Thompson possessed the skills of entrepreneur and his passion and creativity around promotion helped his drink’s popularity rise upward. Despite the success he was seeing with the drink, he missed his medical practice and in 1889, reestablished a practice in Lowell, specializing in homeopathic medicine and surgery.
Around this time, William Taylor, an active Moxie agent in upstate New York, entered into an agreement with Thompson. Taylor’s success with Moxie had allowed him to establish his own trading company, William Taylor & Company, and he became a lessee of The Moxie Nerve Food Company, within Massachusetts, taking over for Thompson. Thompson would receive $5,000 per year from this arrangement, and acquired the title of general manager of Taylor’s company.
During the 1890s, William Taylor & Company added new products to their roster, such as Moxie Lozenges, Moxie Catarrh Cure, Dr. Thompson’s Condensed Medicated Wafers, Moxie Syrup, and Moxie Cerealina. Moxie continued to expand westward, opening bottling operations in St. Louis and then; Kansas City, Missouri.
By 1892, a reorganization of the Moxie empire was under way.

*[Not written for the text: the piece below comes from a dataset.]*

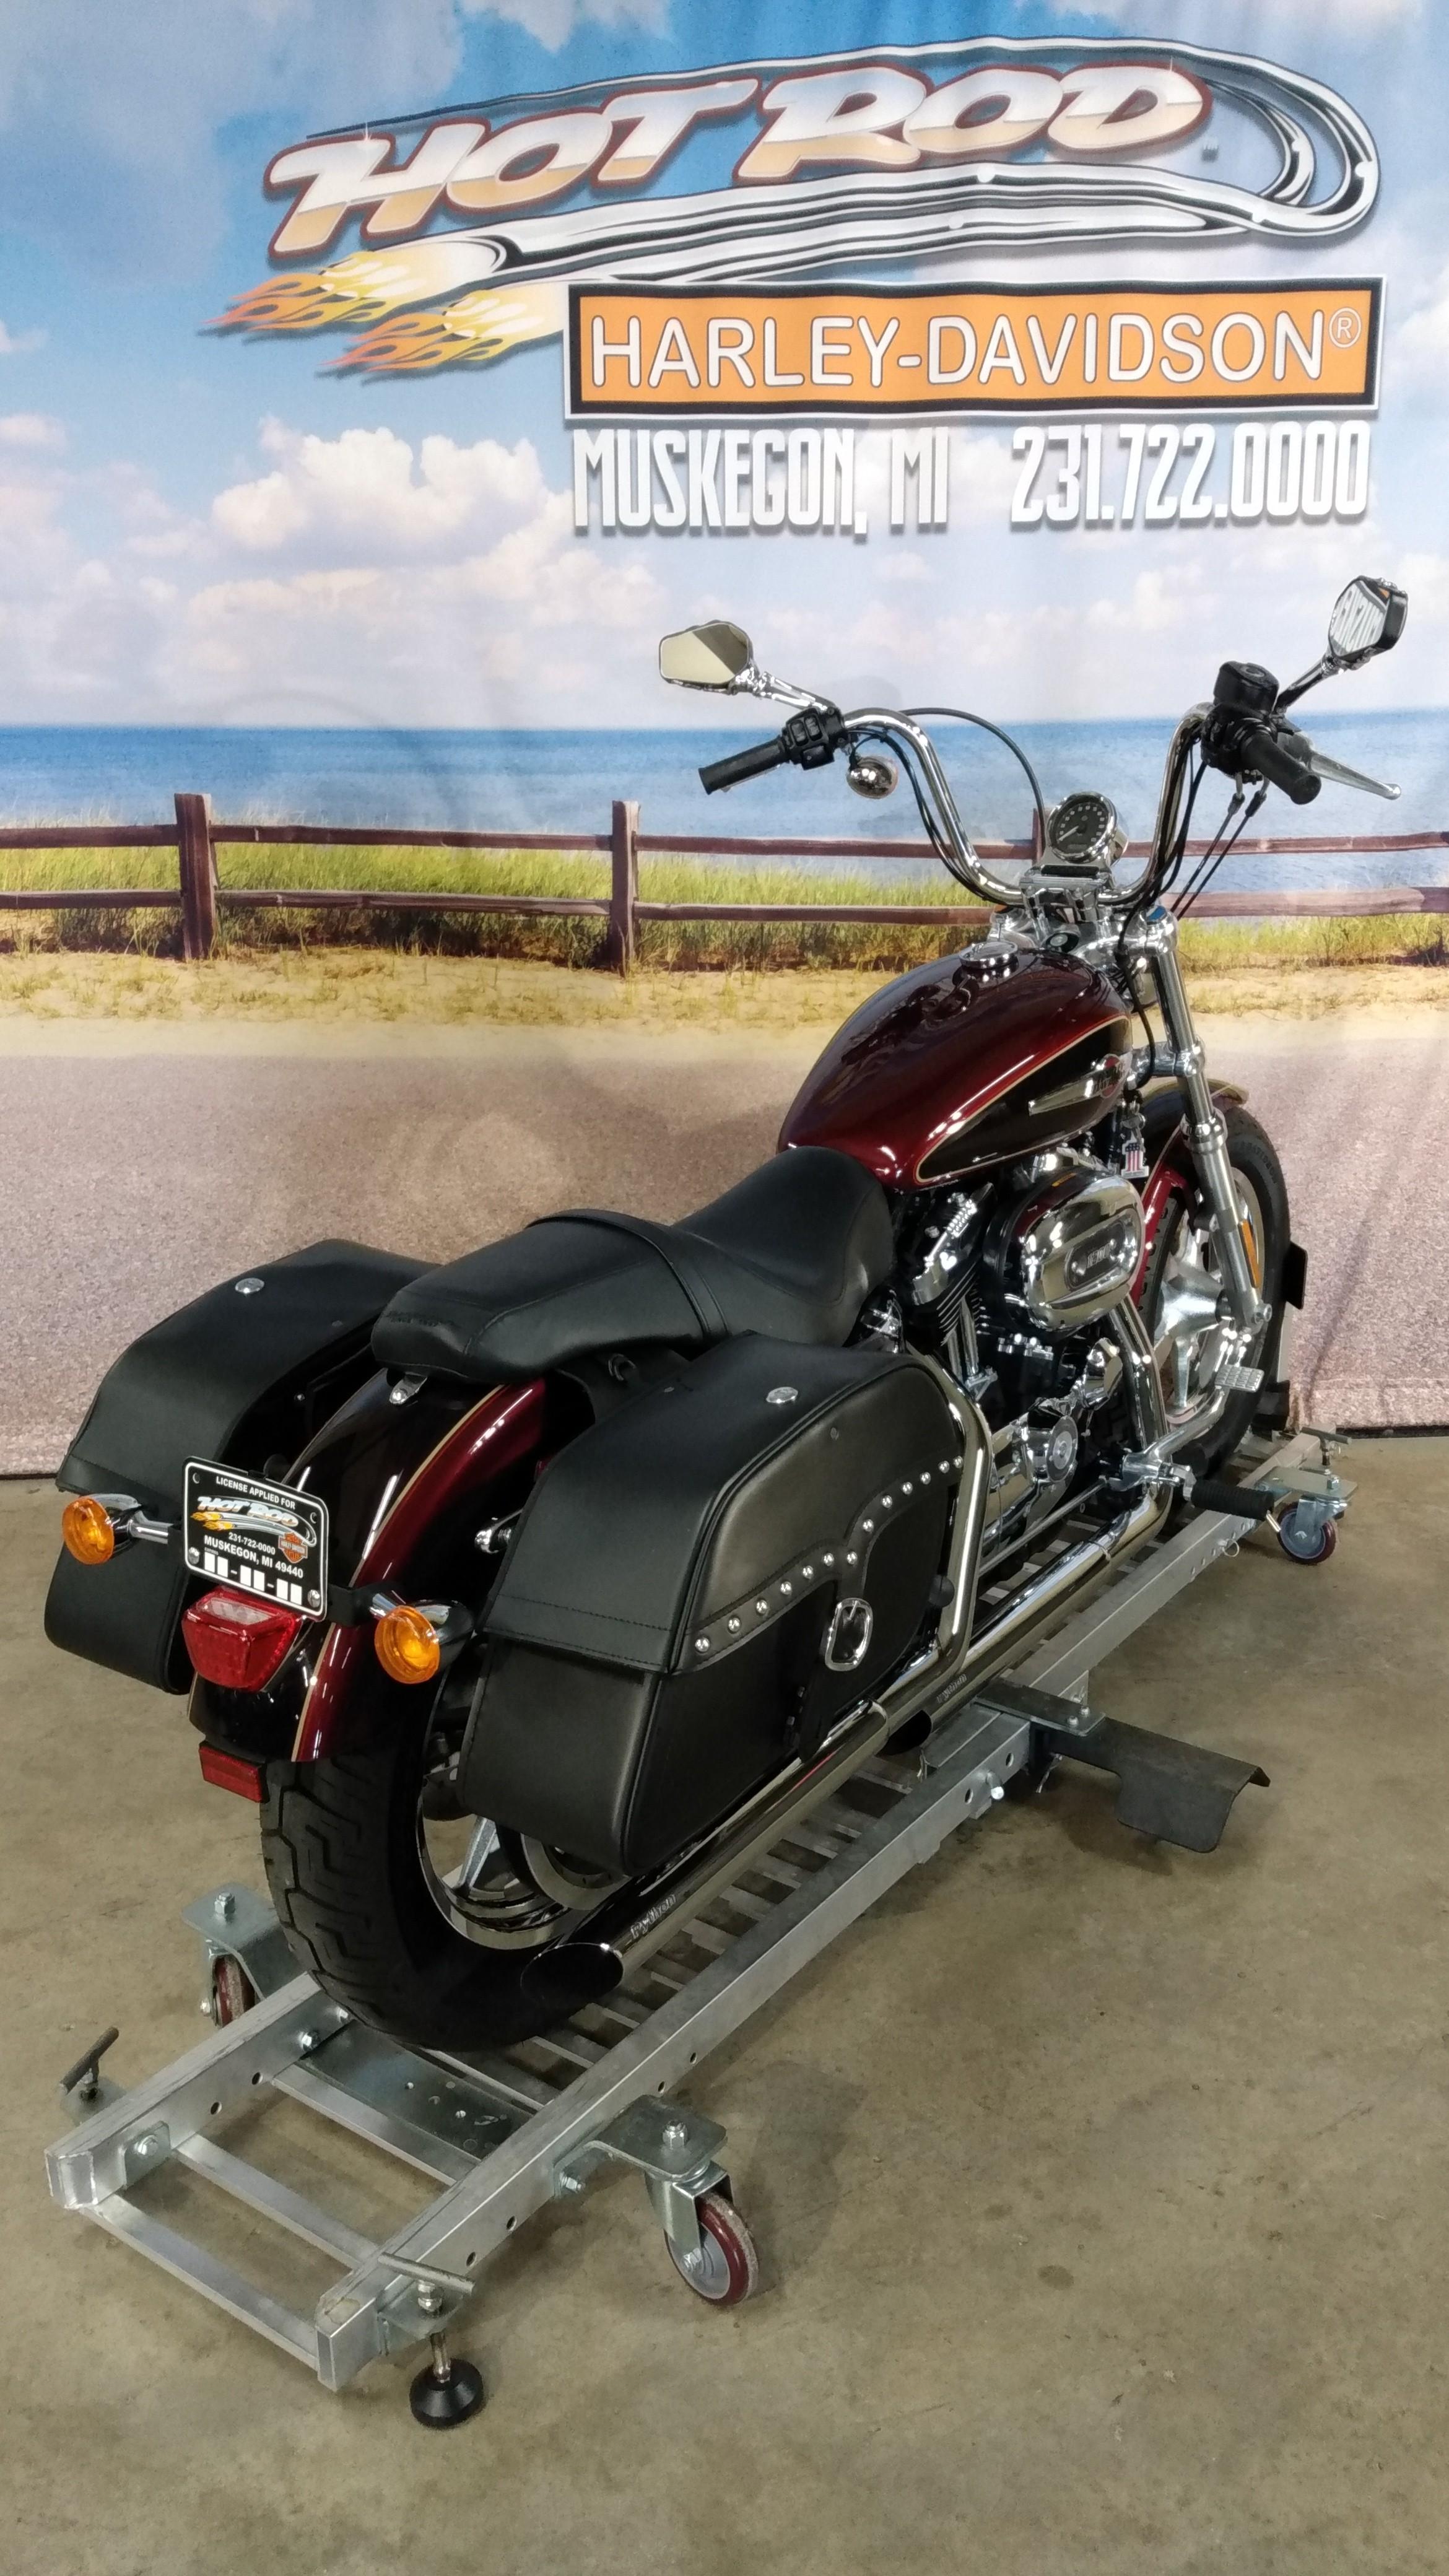 2014 Harley-Davidson Sportster 1200 Custom at Hot Rod Harley-Davidson

The activities of William Taylor & Co. were being curtailed and a new firm was established, at a meeting in Saco, Maine, on December 26, 1892.

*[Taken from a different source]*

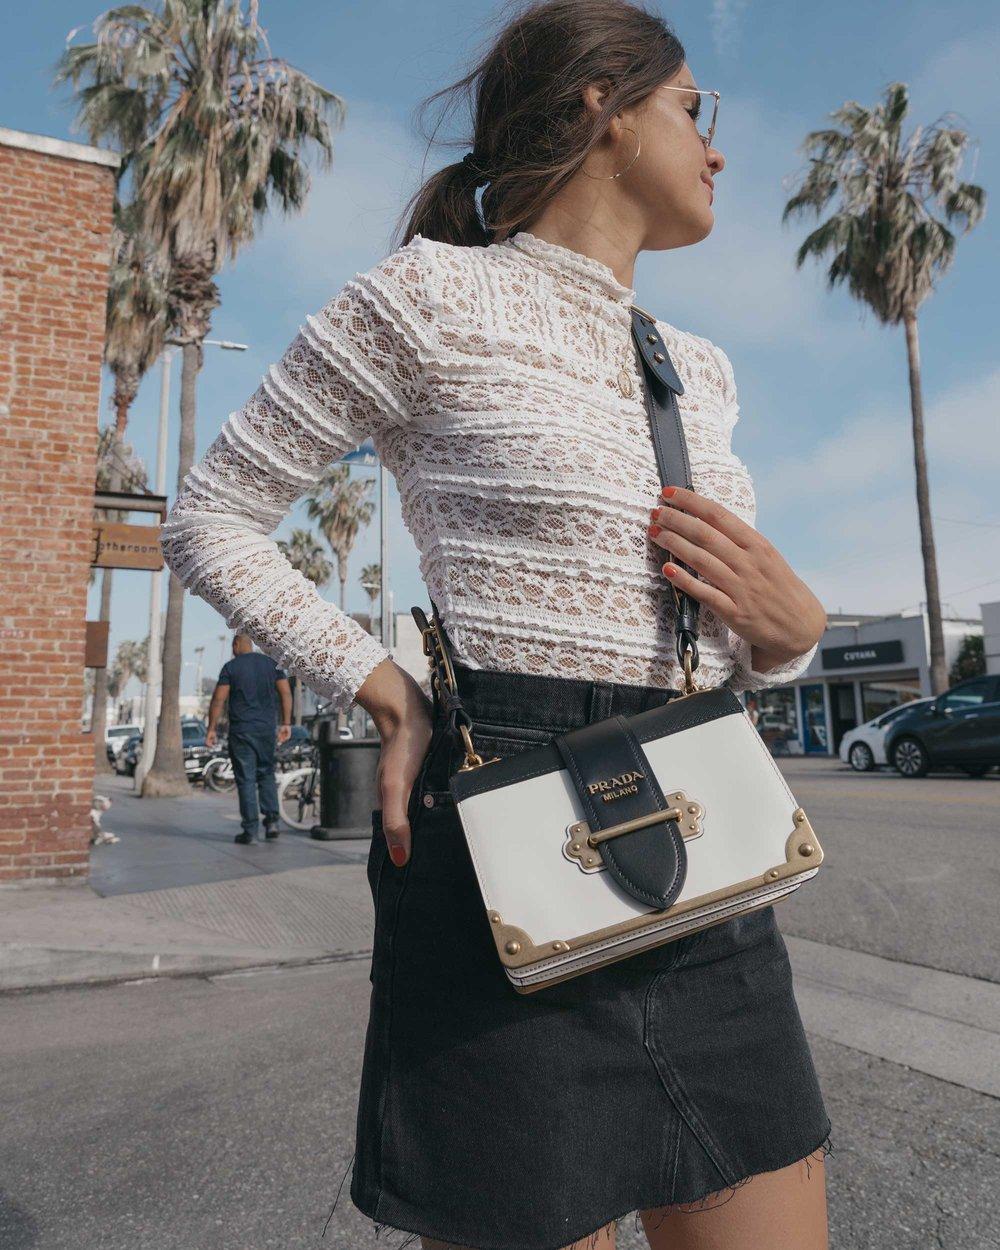 Prada City Saffiano Leather Cahier Bag, Black Denim Skirt, Summer outfit, Abbot Kinney California8.jpg

The Moxie Nerve Food Company of New England was established, with offices in Boston and Lowell. Later, the Moxie Nerve Food Company of Illinois was created and operated for the next decade, before dissolving in June of 1901.
Dr. Thompson’s rich and prolific life had entered its twilight. Over the last decade of his life, he continued writing plays, advertisements for Moxie, and a series of letters to newspaper editors, covering topics from geography, economics, the law, and his favorite topic—politics. Thompson became quite interested and involved in the Free Silver movement, which dominated the McKinley-Bryan presidential campaign of 1896.
Thompson continued to weigh in on subjects such as the Spanish-American War (he was in favor of swift and decisive action by the Americans) and the importance of the U.S. expanding its empire, by taking the Philippine Islands.
On November 17, 1902, Thompson sought copyright for a 114-page book, The Origin and Continuance of Life: Together with the Development of a System of Medical Administration on the Law of the Similars, from a Discovery of its Principles in the Law of Natural Affinities.
The book contained an illustration of a new invention, the Thompson Vitalizer, which was a contraption consisting of tanks of compressed gases, tubes, and other related apparatus. Thompson envisioned a series of parlors, up and down the east coast.
Thompson passed away, June 8, 1903, at the age of 67.